Open mirisuzanne opened 1 month ago
Hi @mirisuzanne,
Thanks for the suggestion.
We recently added the ability to see the newly-available baseline date (when all the major browsers support the feature). You can see it when hovering the baseline logo for a given feature. We only show it when hovering to reduce information overload.
The page is sorted by the newly available date by default. The widely available date right now is just newly-available + 30 months
(code)
Would using the newly available date work for you?
Yeah, it can work. But having the main data I would use hidden behind a hover interaction and some math doesn't feel like I'm avoiding information overload - it just requires extra work to get the information I'm looking for. I think the hide/show-columns feature is a much better solution, and already in place. Since columns can be hidden by default, and turned on as needed, these seem like useful columns to make available in that interface – without adding to the amount of information shown by default.

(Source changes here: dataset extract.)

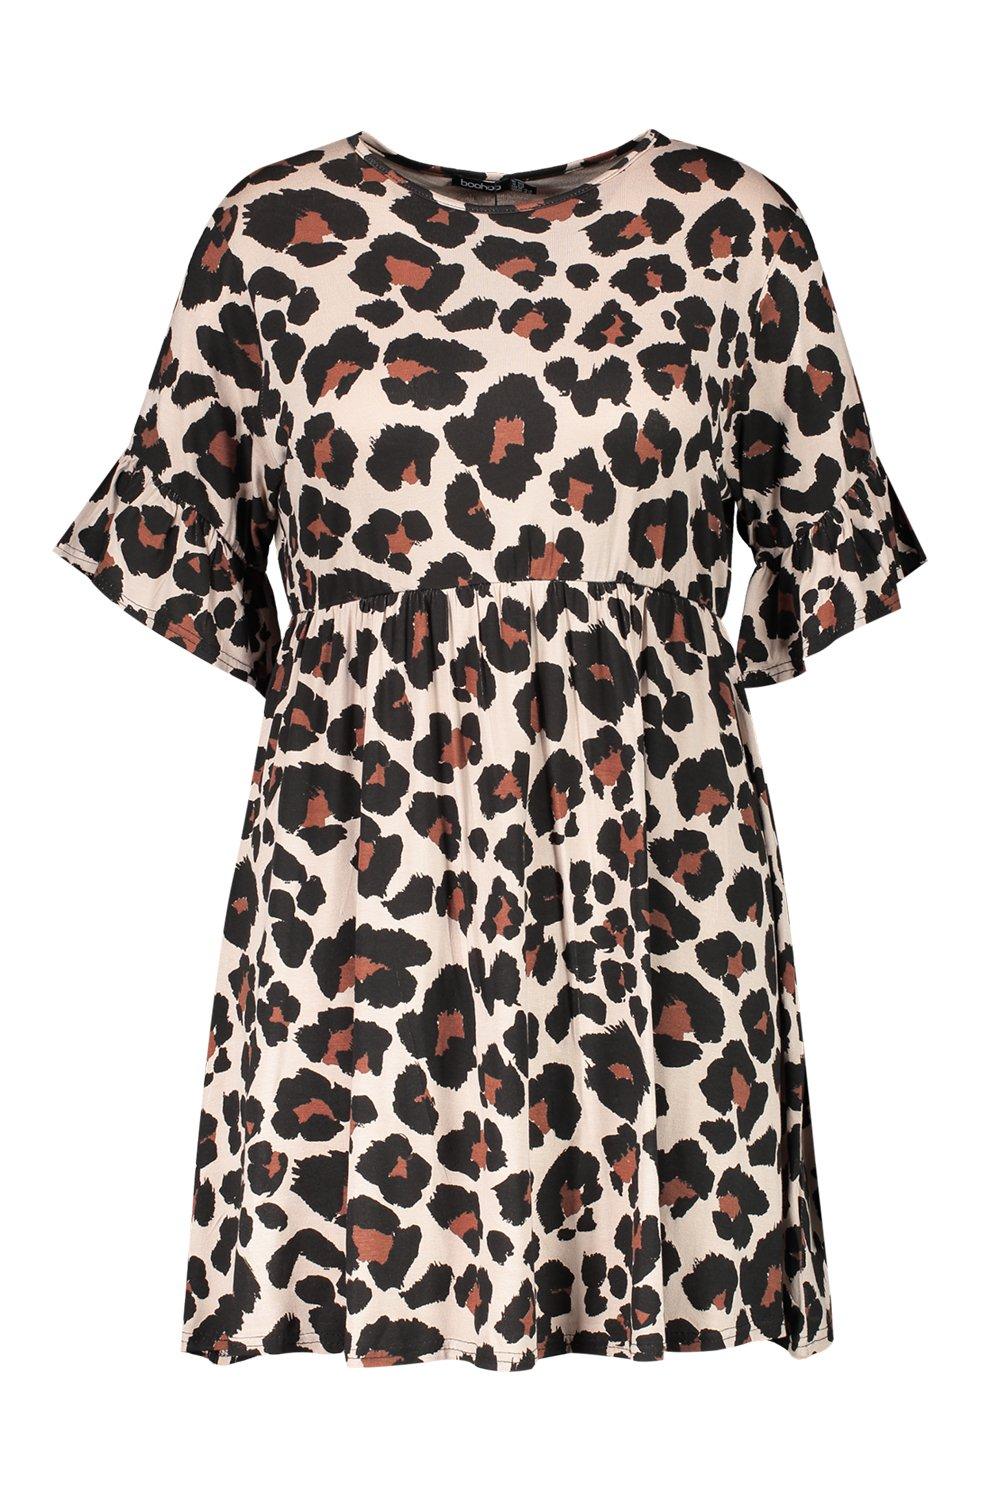 boohoo plus size leopard print dress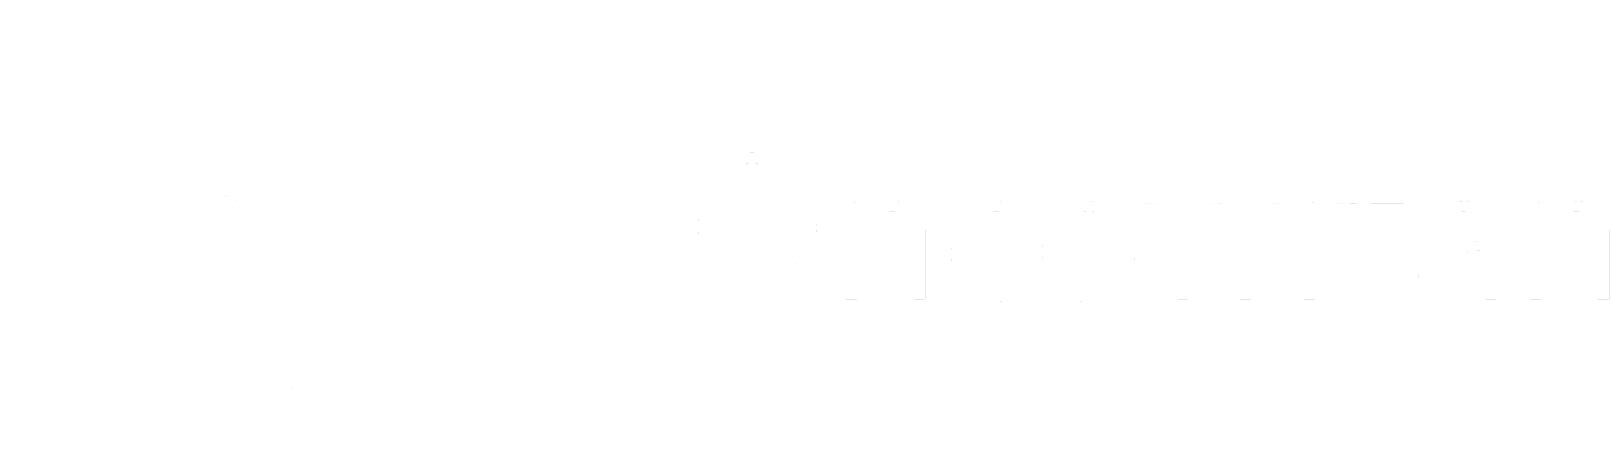 Oncowitan logo (white)

One limitation with sorting by widely/high available date is that many features haven't reached that 30-month threshold yet, resulting in null values. This means sorting would only show widely available features at the top, followed by all others with no clear order.
To achieve your desired outcome of seeing projected dates as well, you could request a change in the data.json from Web Features to include future widely available dates. This would avoid the need for us to duplicate the 30-month calculation (that could potentially change).
A lightweight option could be to add toggles within the existing "Baseline" column in the column selection dialog that you mentioned:
Since it does not rely on a new column with potential future high dates added in data.json, all of this could be handled in the frontend. We distinguish that is an estimate with "Projected" phrasing too. And maintenance is a lot easier (whereas future dates stored in the database might need to change.)
Let me know what you think!
That sounds like a great solution, thanks!
As a developer and teacher, I'd love to see when something hit baseline - and when it's expected to achieve (or already has achieved) wide support. Being able to sort on that as a column in the table would be really useful.